>>

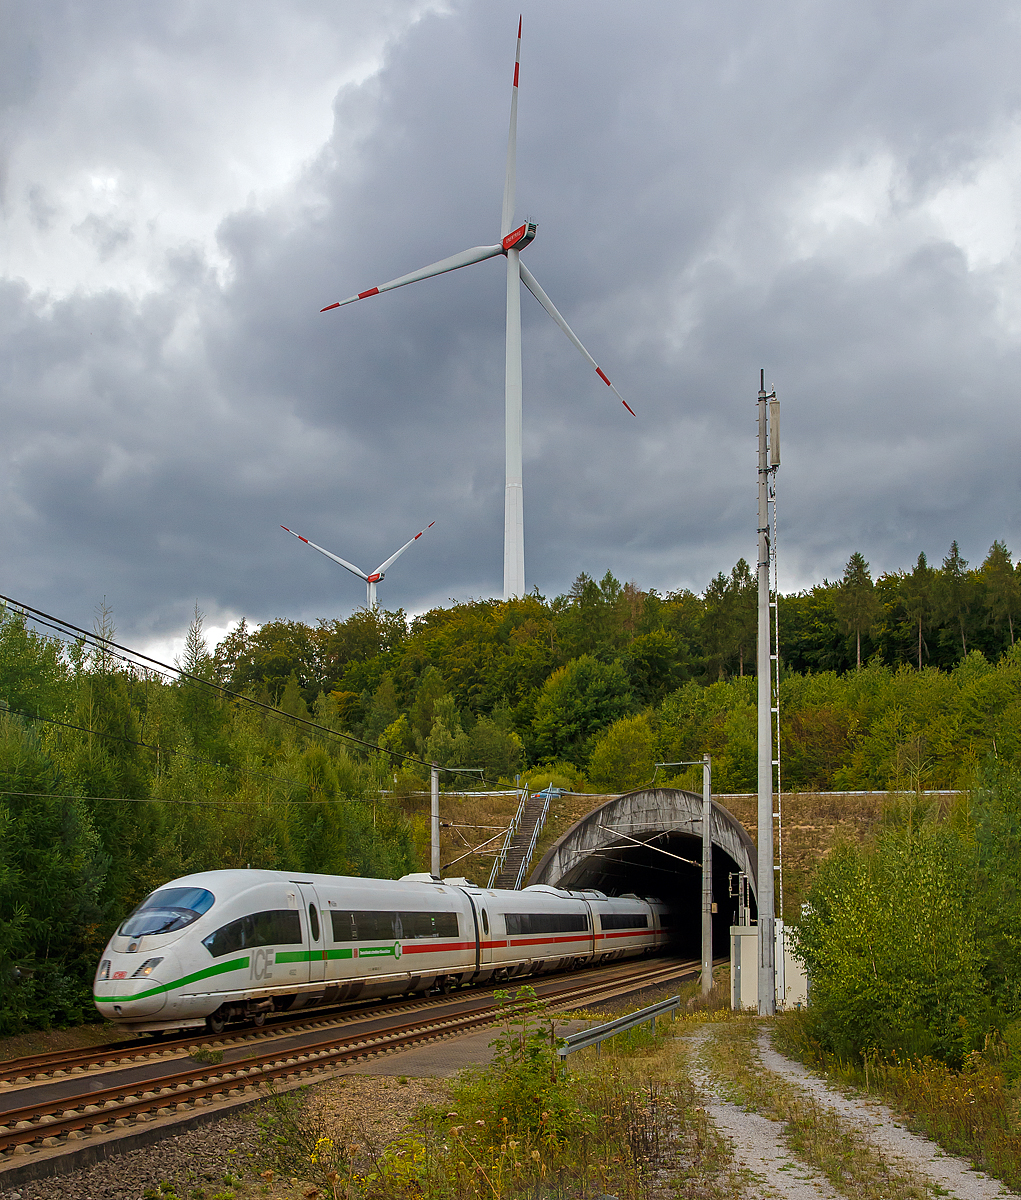 
Der ICE 3 MF - Tz 4682  Köln  (406 082 / 406 582), ex Tz 4609 (406 009 / 406 509), schießt am 29.08.2020 aus dem Südportal vom Tunnel Elzer Berg (1.110 m lang) und fährt auf der Schnellfahrstrecke Köln–Rhein/Main (KBS 472), hier bei km 101,6, in Richtung Frankfurt/Main.

Als ICE 3MF („MF“ für Mehrsystem Frankreich) verkehrten von 2007 bis 2016 sechs für den Frankreich-Verkehr umgebaute ICE 3M zwischen Frankfurt und Paris. Sie erreichten dabei auf der LGV Est eine Geschwindigkeit von 320 km/h, die höchste von einem ICE-Triebzug im planmäßigen Reisezugverkehr erreichte Geschwindigkeit.

Seit der Verfügbarkeit der Baureihe 407 (Siemens Velaro D) für den Frankreichverkehr im Jahre 2016 wurden die ICE 3MF mit ETCS-Zugsicherungseinrichtungen für Fahrten nach Belgien und in die Niederlande umgerüstet. Bei dieser Modernisierung wurde u. a. aus Platzmangel das französische TVM durch den ETCS-Fahrzeugrechner ersetzt, ohne jedoch TVM als STM anzuschließen. Damit verloren sie automatisch auch ihre bisherige Zulassung für Frankreich. 

Für den Verkehr nach Frankreich kommen seitdem ausschließlich Triebfahrzeuge der Baureihe 407 (Velaro D) zum Einsatz und die Version ICE 3MF ist so Geschichte.

Der Tz 4682  Köln  hat heute die Zulassungen für Belgien und die Niederlande.

<<

WHAT TO DO: Find each line of the data above that holds the word "nach", then copy it.

ANSWER TO THIS PROBLEM:
Seit der Verfügbarkeit der Baureihe 407 (Siemens Velaro D) für den Frankreichverkehr im Jahre 2016 wurden die ICE 3MF mit ETCS-Zugsicherungseinrichtungen für Fahrten nach Belgien und in die Niederlande umgerüstet. Bei dieser Modernisierung wurde u. a. aus Platzmangel das französische TVM durch den ETCS-Fahrzeugrechner ersetzt, ohne jedoch TVM als STM anzuschließen. Damit verloren sie automatisch auch ihre bisherige Zulassung für Frankreich. 
Für den Verkehr nach Frankreich kommen seitdem ausschließlich Triebfahrzeuge der Baureihe 407 (Velaro D) zum Einsatz und die Version ICE 3MF ist so Geschichte.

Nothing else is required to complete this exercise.